Foto di Marco Gualazzini
29 Aprile 2021
Maaza Mengiste

Traduzione di Paola Splendore

Seduta accanto all’ampia vetrata del caffè, osservo un giovane uomo. Il bagliore arancione del tardo pomeriggio gli avvolge le spalle in spessi strati facendogli risaltare il viso. Capisco che viene dall’Africa orientale, un ragazzo di origine eritrea o etiope dal corpo sottile,  i lineamenti delicati, gli occhi grandi. Ha l’aspetto scarno di tutti i migranti appena arrivati che ho visto, una magrezza quasi innaturale per un corpo. Si muove in maniera diversa da chi è abituato allo spazio che abita, con un’andatura fatta di passi cauti, a scatti. Sembra spaventato,  troppo consapevole di chi lo sfiora passando. Sembra che stia cercando di raccogliersi dentro di sé, di ritrarsi quel tanto che basta per non essere toccato.  Noto tutti questi dettagli, eppure so che non  è un caso  particolare, non a Firenze.  È uno dei tanti rifugiati e migranti che ce l’hanno fatta ad arrivare dall’Africa orientale, materializzazione degli ormai consueti servizi giornalistici e fotografici sui migranti.
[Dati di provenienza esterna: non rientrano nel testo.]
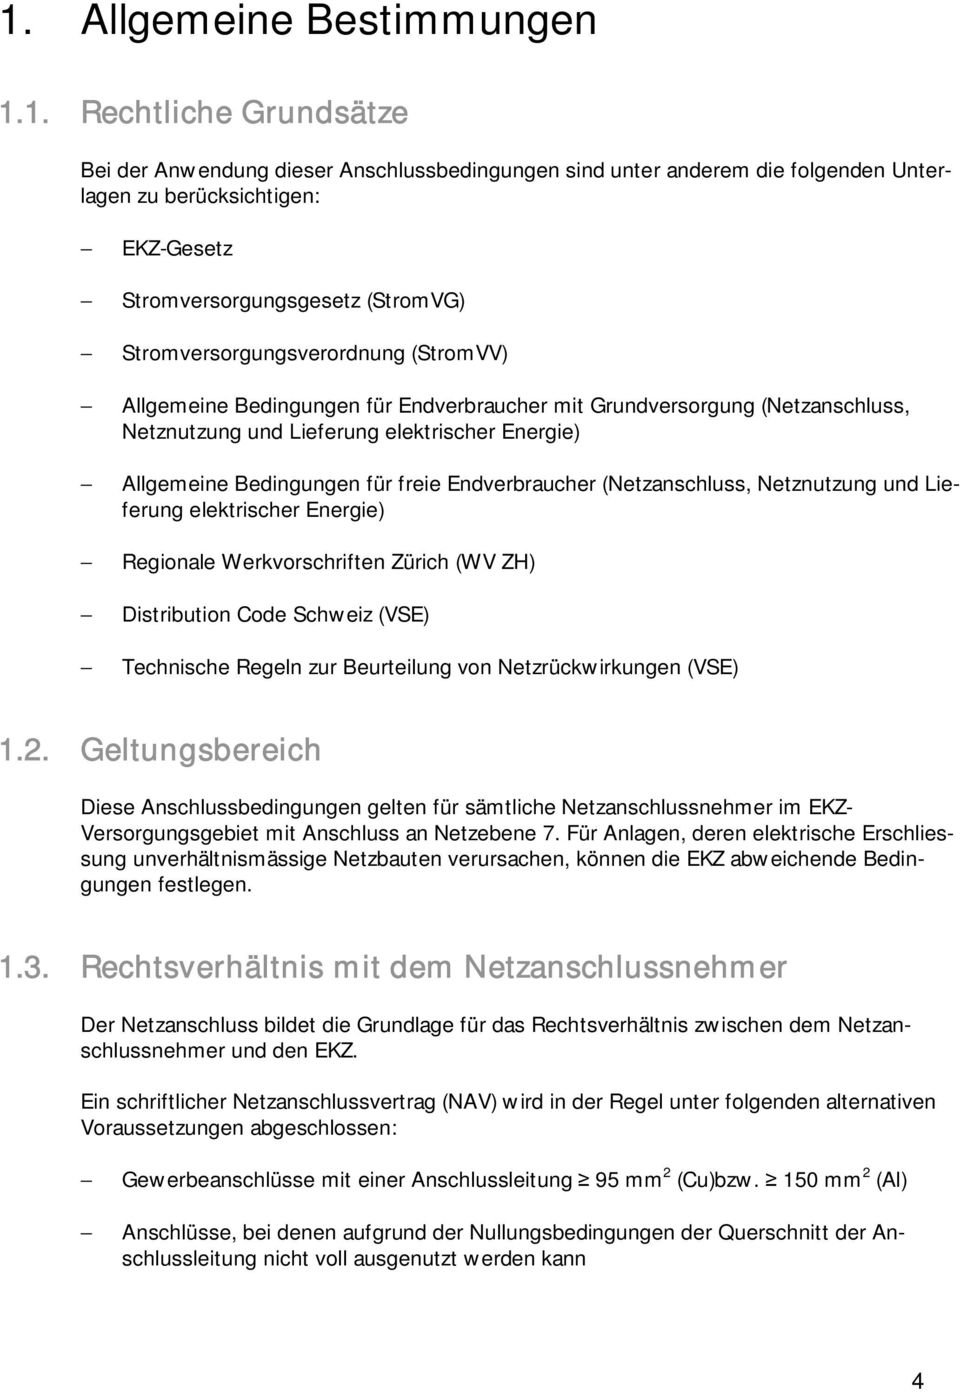 freie Endverbraucher (Netzanschluss, Netznutzung und Lieferung elektrischer Energie) Regionale Werkvorschriften Zürich (WV ZH) Distribution Code Schweiz (VSE) Technische Regeln zur Beurteilung von

I passanti procedono tranquilli sullo stretto marciapiedi, proiettando ombre lunghe nella luce dorata del crepuscolo. Sono assorti in conversazioni private, persi nel ritmo regolare dei loro dialoghi. Non si accorgono neppure del ragazzo che osservo, guardando oltre mio riflesso per vederlo meglio. Non si rendono conto che sta accelerando il passo dietro di loro, irrigidendo il corpo a ogni secondo. Si piega in avanti all’altezza del petto, dapprima leggermente, poi come se potesse cadere spinto dalla sua stessa foga. Avanza di parecchi passi in quel modo prima di cominciare  a urtare i pedoni, inconsapevole di quelli in cui inciampa. Una figura scomposta, strana, che procede sbandando incauto sull’affollato marciapiedi, distratto dai suoi pensieri. Poi, all’improvviso, si ferma. È così immobile che occhi curiosi si voltano a guardarlo, un corpo inondato dal sole che avanza tranquillamente in mezzo al traffico dell’incrocio. Se ne sta lì, immobile e un po’ stordito mentre le macchine si fermano e i motociclisti rallentano. Il traffico aspetta che lui si sposti. Invece, lui comincia ad agitare le braccia, direttore di un’orchestra invisibile. Le braccia ossute si piegano e si tendono, spinte da un’energia via via più forte. Ogni movimento della mano riporta in alto il resto del corpo piegandolo in un cerchio imperfetto. Continua mentre i passanti si fermano a guardarlo, scuotono il capo e vanno oltre. Poi lui muove la bocca per formare delle parole e, prima ancora che cominci, capisco che sta per urlare.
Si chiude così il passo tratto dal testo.